30 • Pelecehan

123 38 11
                                    

Semua wanita memiliki kehormatan yang berusaha dijaganya dengan sekuat tenaga, wahai laki-laki jangan sekali-kali kamu merusaknya. Jika itu terjadi, sama saja kamu merusak kehormatan ibu mu atau saudara perempuan mu.


















"Lah kok mundur-mundur neng?"

"Jangan takut, kita gak gigit kok."

"Sini deketan, mau saya bisikan sesuatu nggak?"

Tanpa menjawab perkataan mereka aku terus mundur dan berusaha untuk pergi sejauh mungkin dari jangkauan mereka. Namun, mereka mengetahui taktik rencana yang sedang ku rancang.

"Eeitttss, mau lari ke mana?" hadang pemuda berkulit hiam dan berbadan gempal.

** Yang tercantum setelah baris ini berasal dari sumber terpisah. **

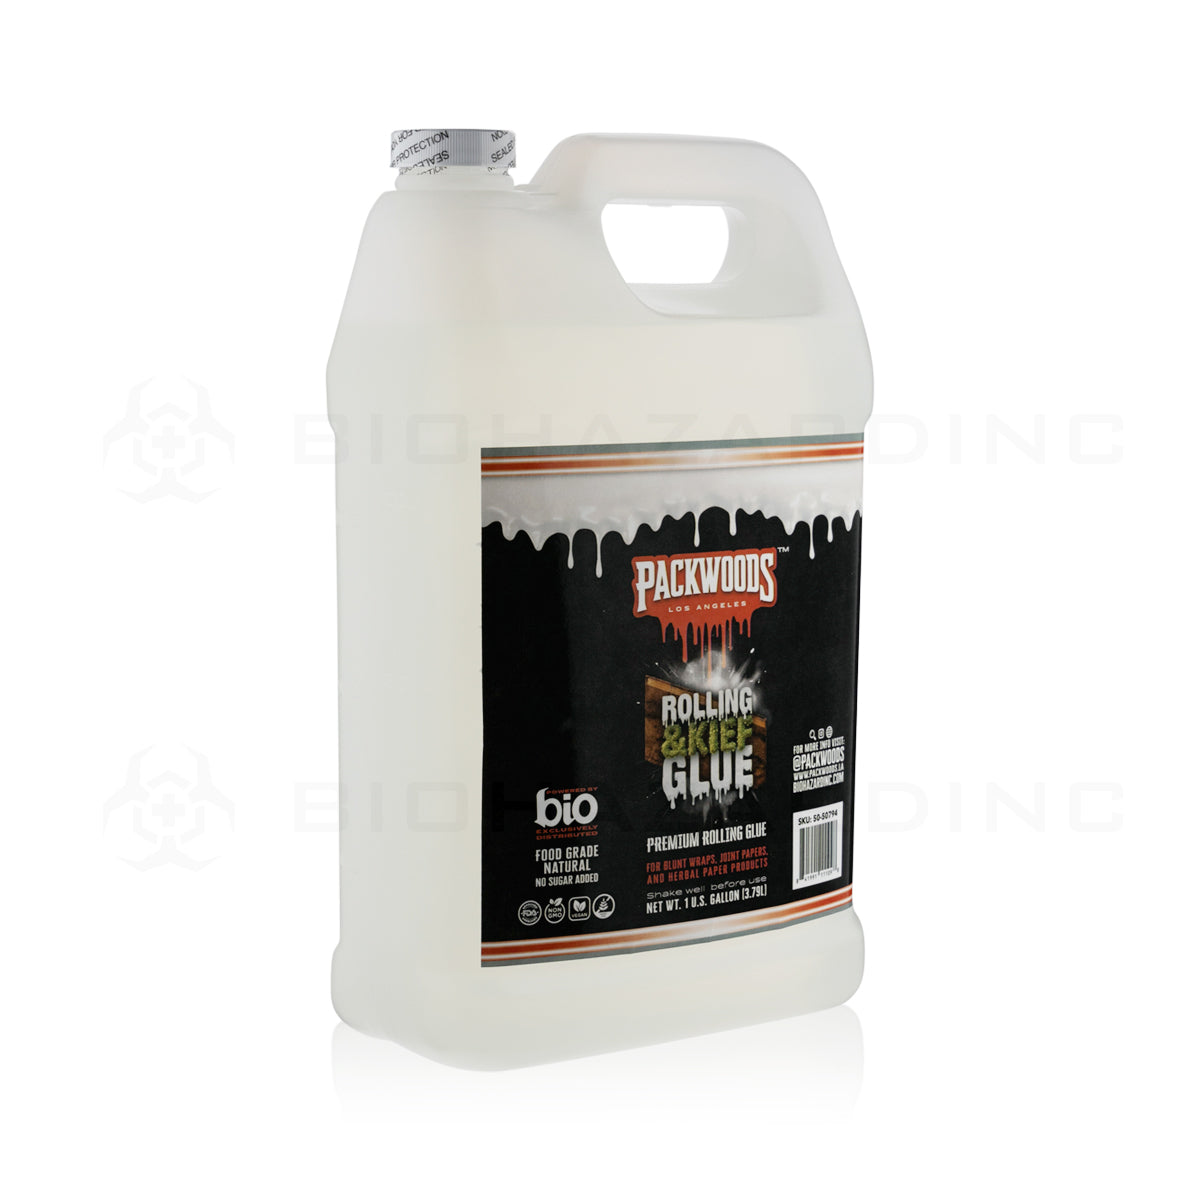 Packwoods™ x BIO™ | Blunt Rolling & Kief Glue | 1 Gallon Rolling Glue Biohazard Inc

"Pegangin tangannya, biar dia gak bisa kabur." perintah seorang pemuda kurus bermata sipit.

"Stop! Jangan sentuh saya, saya mohon. Saya cuman numpang lewat di sini," ucap ku memohon meminta belas kasihan mereka.

"Nah justru itu neng, lewat sini gak gratis. Harus ada imbalannya, zaman sekarang gak ada yang gratisan loh neng." tawa pemuda berbadan kurus tersebut.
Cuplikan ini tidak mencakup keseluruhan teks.